8.08.2011

Reflex Neurovascular Dystrophy

There's a tiny little fly/moth in my room, except I have no inclination to ablate its existence with the swat of my hand.

It just flutters about, aimlessly.

I wonder if that's how I am right now: just aimlessly wandering about life.

I'm watching it traverse the room, and that's not such a bad life. Although, if memory serves me well, the insect may seem to possess a random pattern of motion, but it could be alternating halfway during flight because of the chemoattractants drawing it to its destination or reward.

Why don't I have such a strong chemoattractant pulling me towards a certain fate?

Maybe I just enjoy existing outside of the reality in which most people live. Is it because my imagination is more interesting? Are there more exciting worlds to explore than this one?

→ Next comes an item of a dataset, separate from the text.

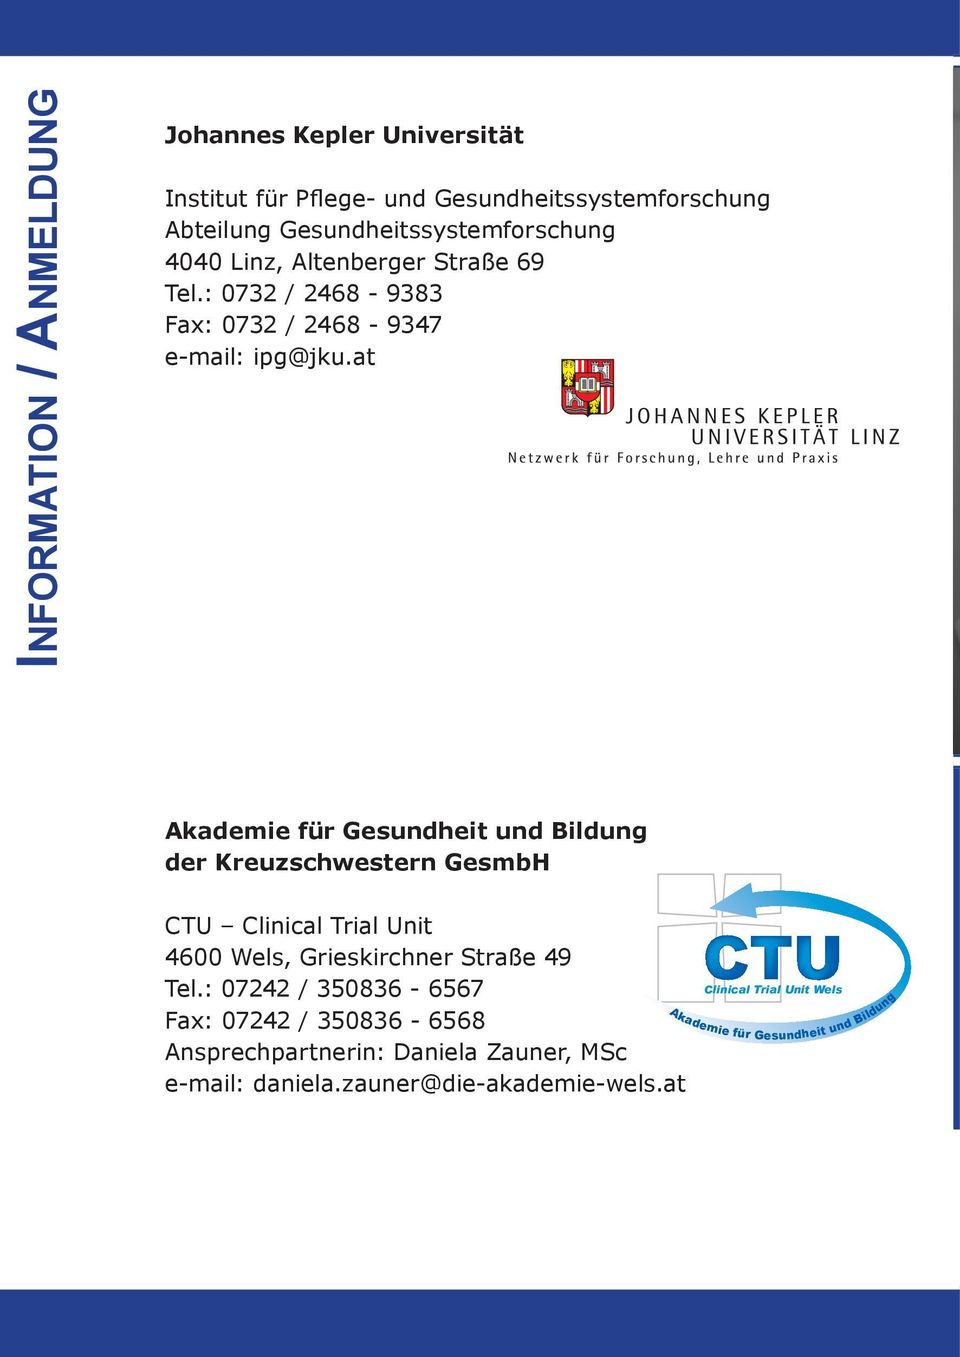 at Akademie für Gesundheit und Bildung der Kreuzschwestern GesmbH CTU Clinical Trial Unit 4600 Wels, Grieskirchner Straße 49 Tel.

I'm really hoping that my writing is slowly improving with each blog post. At least that is what my intentions are from now on- to constantly improve in whatever activities I seem to be placing myself. So far this includes running, blogging/writing, and researching. I want to become better in every field.

Another surprise came in my gmail inbox. My mom emailed me on behalf of my parents. She first wanted to congratulate me on my job promotion, wanting me to continue being a good worker. Then, she wanted to say that she was proud of me and that she's glad my boss recognized that I am a good employee. Lastly, she wanted me to enjoy my life, so she told me to have some fun even while working hard everyday. Her last sentence was confusing, though. "This is your mom and Dad the big gift. Thank you!" I have absolutely NO idea what to interpret from that remark.

Still, I'm a bit surprised from that letter. My parents have actually never said that they were proud of me. What's changed within them at their current age?